The Rangers helped to shape Anglo-American settlement in the Wild, Wild, West by battling Native Americans, expelling the Chinese who’d built the US railway system, chasing down runaway Black slaves, and settling scores on behalf of their land-owning bosses. They functioned as a paramilitary force at the service of both the Texas Republic (1836–1845) and the State, after it joined the union. They relied on raw, physical violence.
It was precisely this pedigree, and these tactics, that birthed the original US Border Patrol.
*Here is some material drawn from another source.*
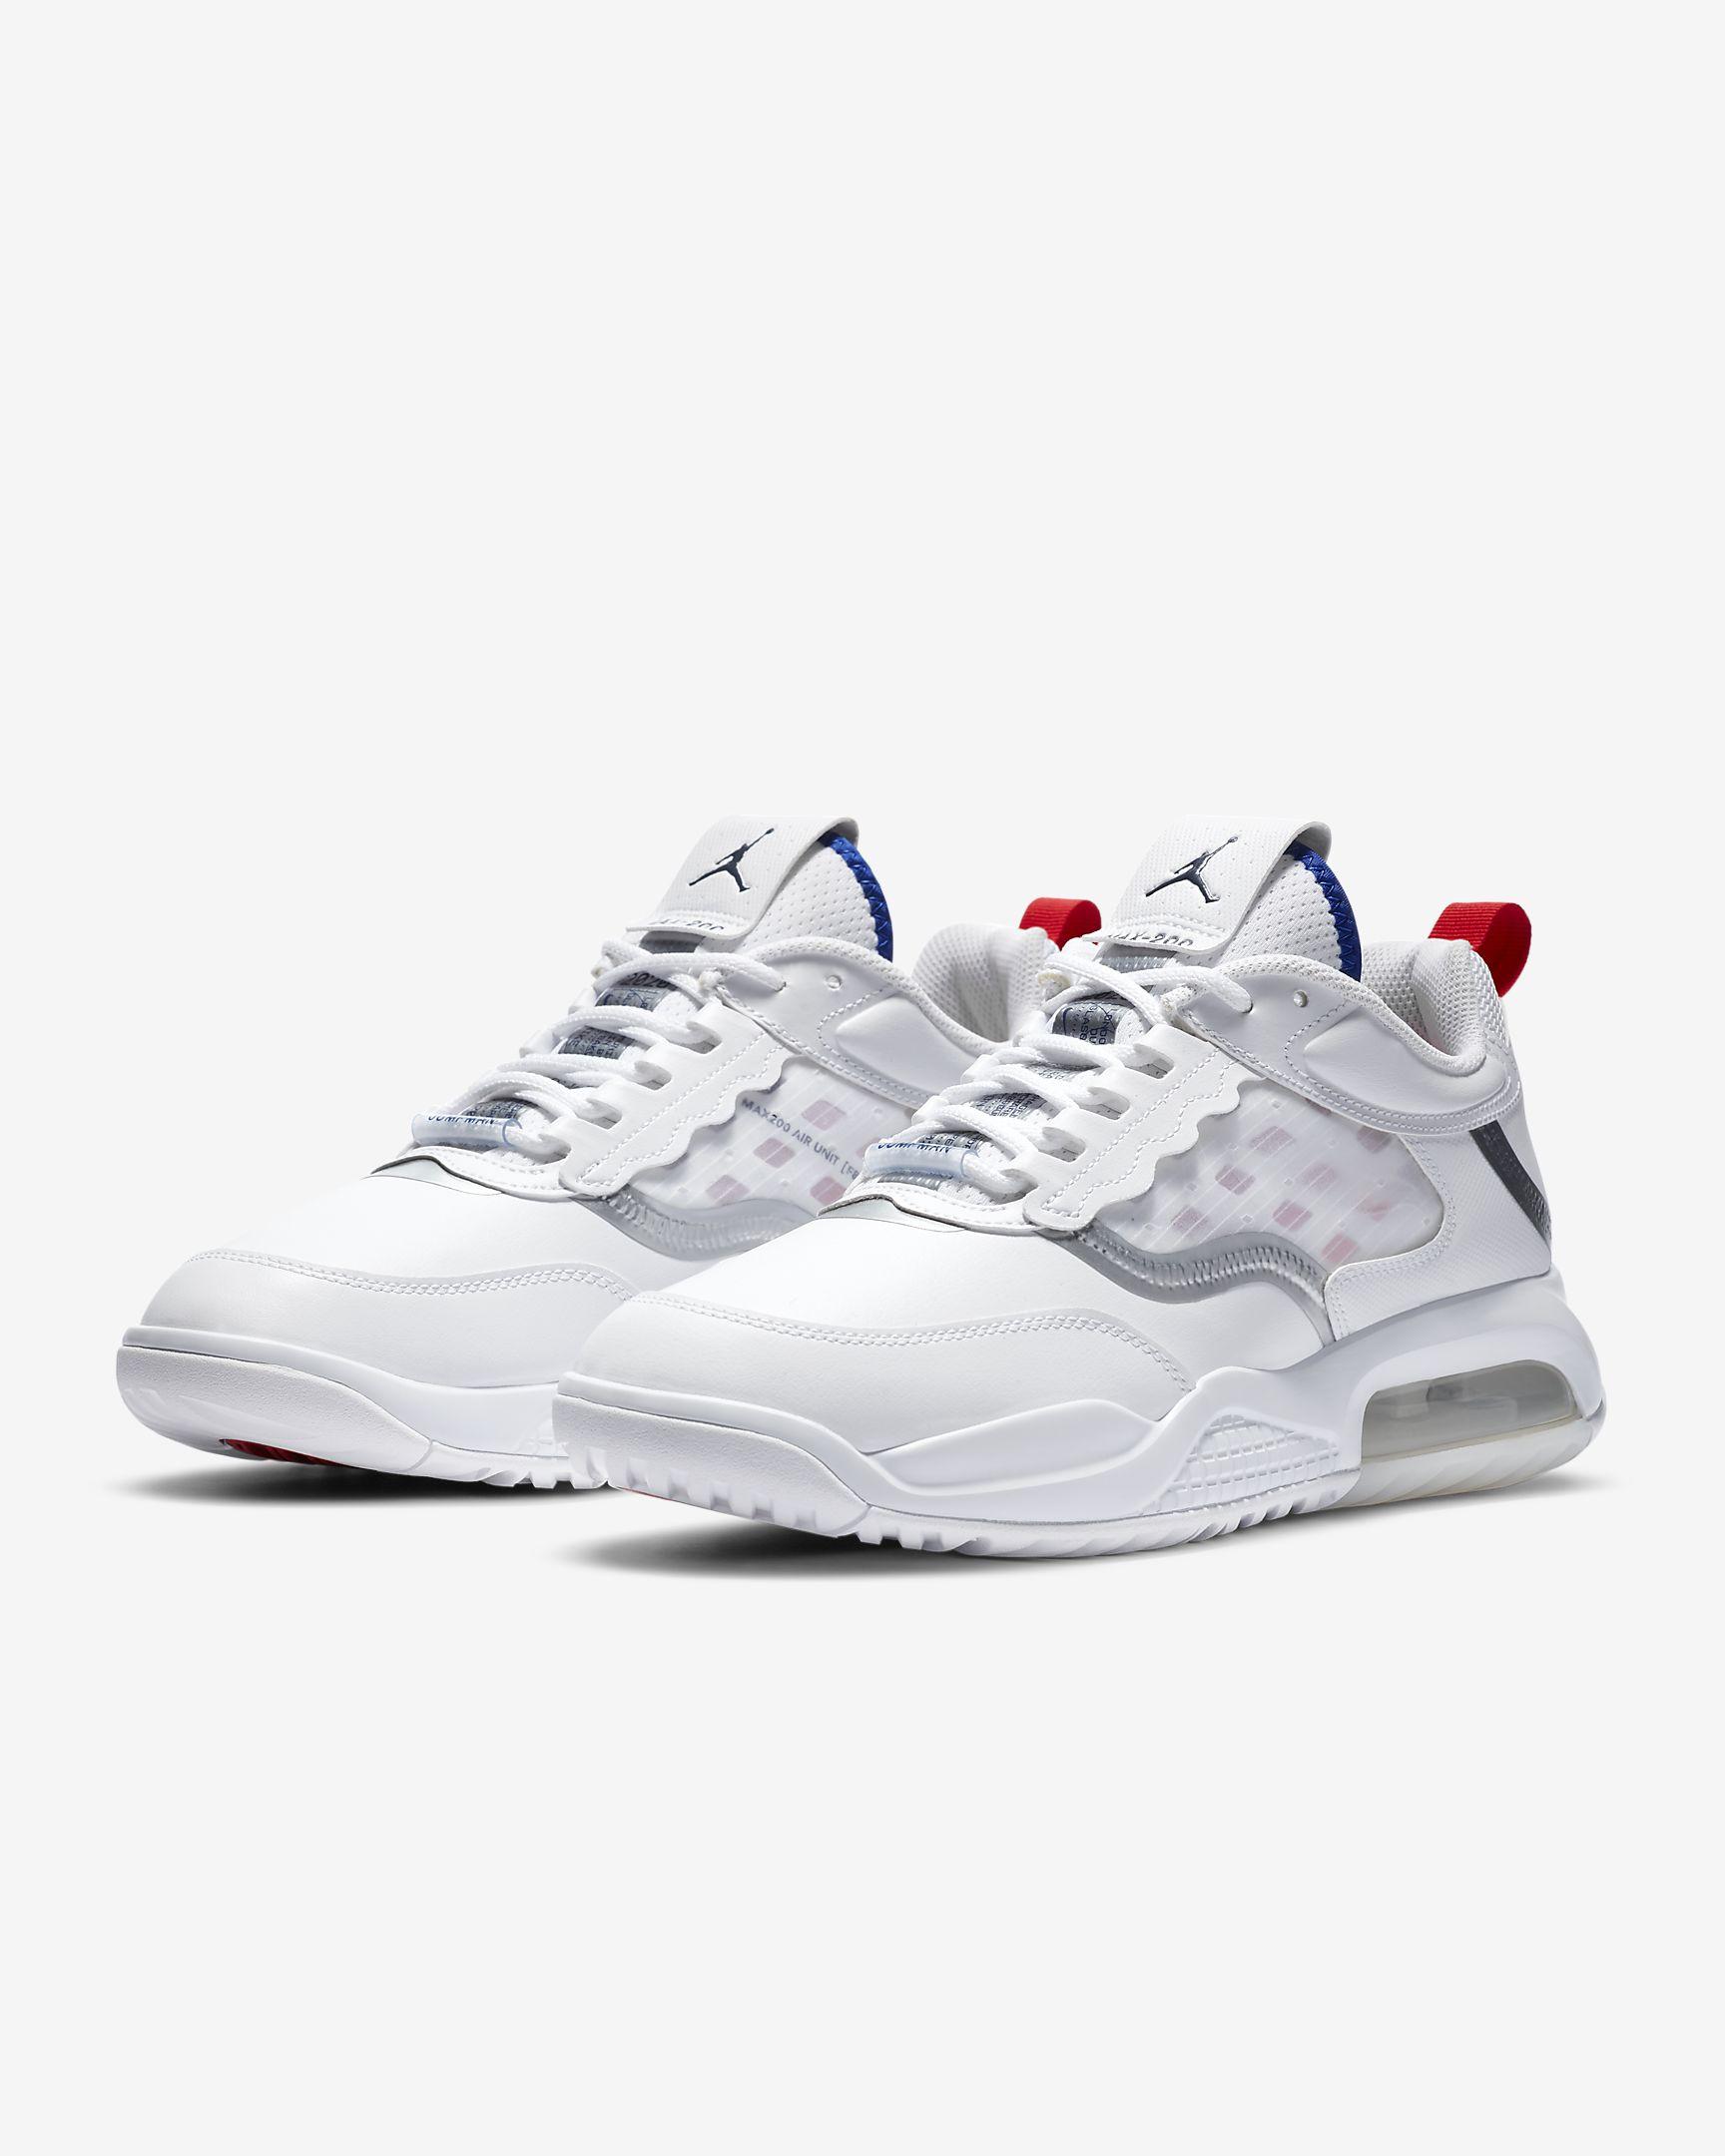 jordan max 200, nike sneakers
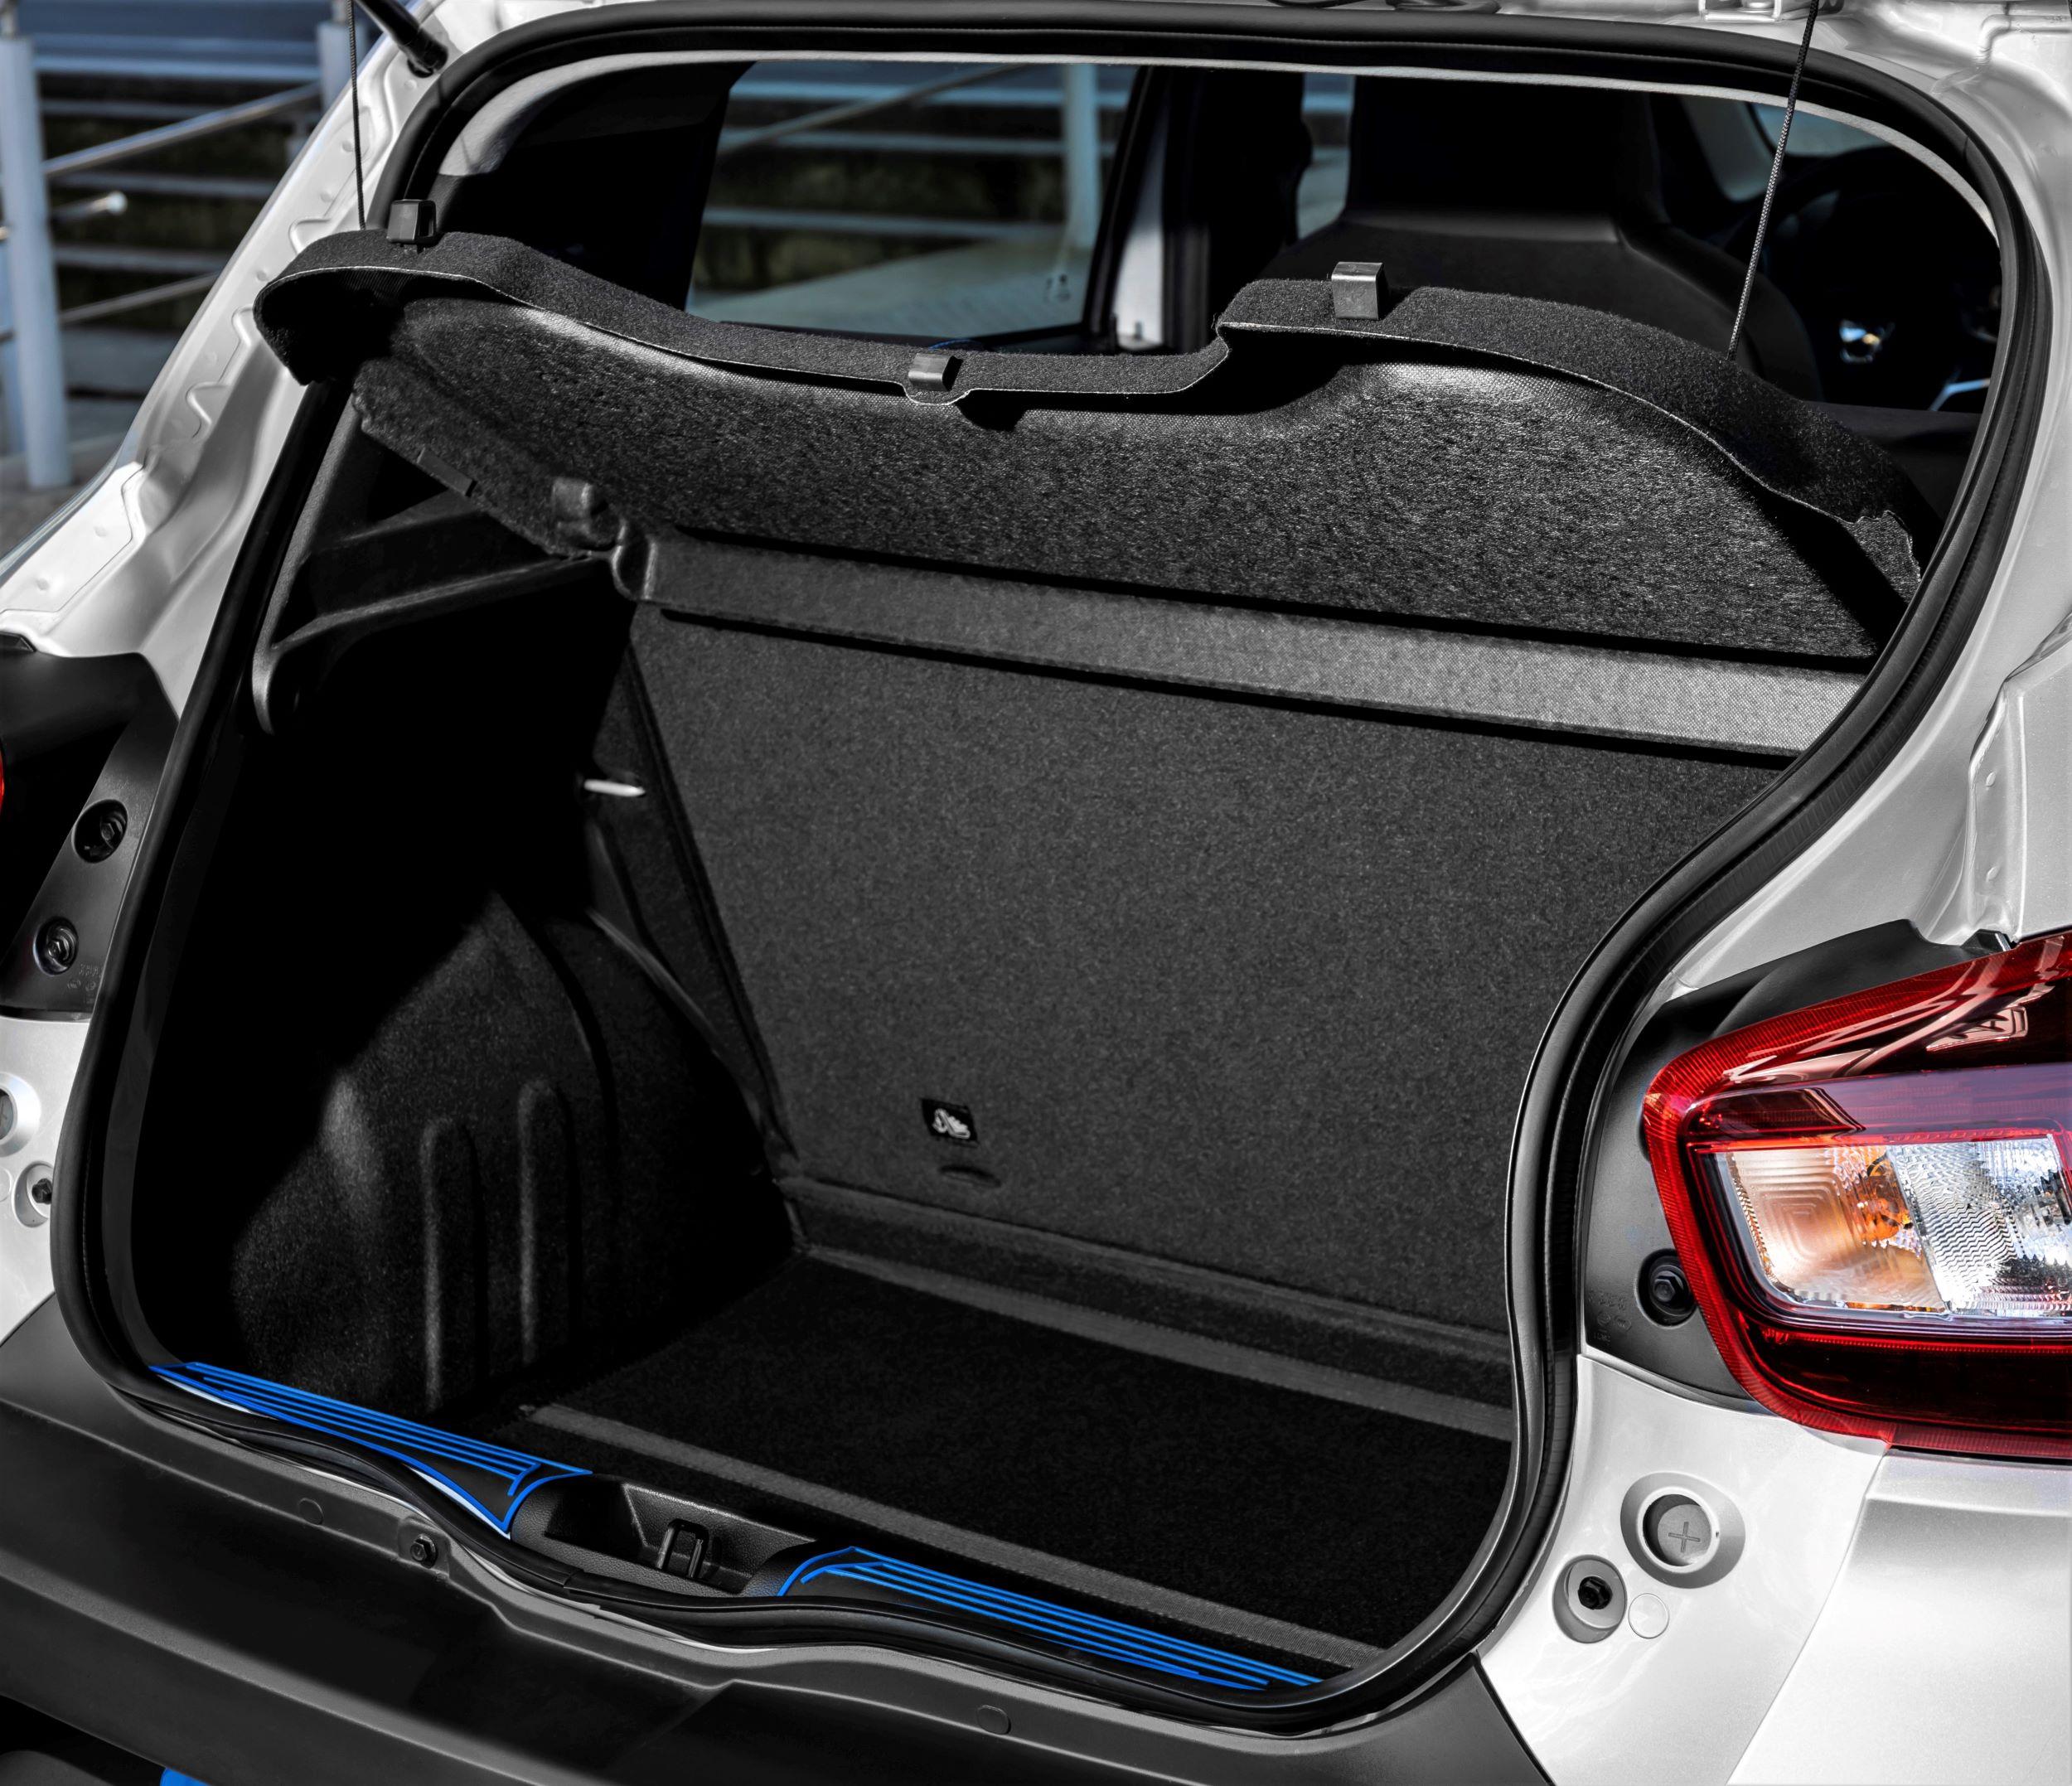 2021 - New Dacia Spring(3)

From the start, the Patrol played a twin role in post-Civil War US society. With the Emancipation Proclamation and the abolition of slavery, the land barons of the American southwest needed another source of cheap labor to ensure maximum profit yields off their tens of thousands of acres of grains, fruit, vegetables, and cotton. They sent scouts across the border to encourage Mexicans to come sow their fields and harvest their crops. But this came into conflict with the nation’s nativists and eugenicists, who were hell-bent on keeping the country white. They marched into the hallowed halls of Congress to sound the alarm, as expert advisers, regarding the threat of “inferior stock.”
A political compromise was forged: the southwestern farmers and ranchers could have their cheap labor as long as it was kept temporary and marginalized. From its inception, therefore, the Border Patrol acted as the private police for the descendants of America’s white colonizers, on the one hand. And on the other, they patrolled the border to keep out the Chinese and other Asians, while monitoring the seasonal flow of Mexican farm hands and produce pickers.
“They were henchmen for the wealthy, people herders, and vigilantes, too,” says Jenn: an agency established on oppression that, even when formalized by the US government, attracted those who couldn’t get into regular law enforcement.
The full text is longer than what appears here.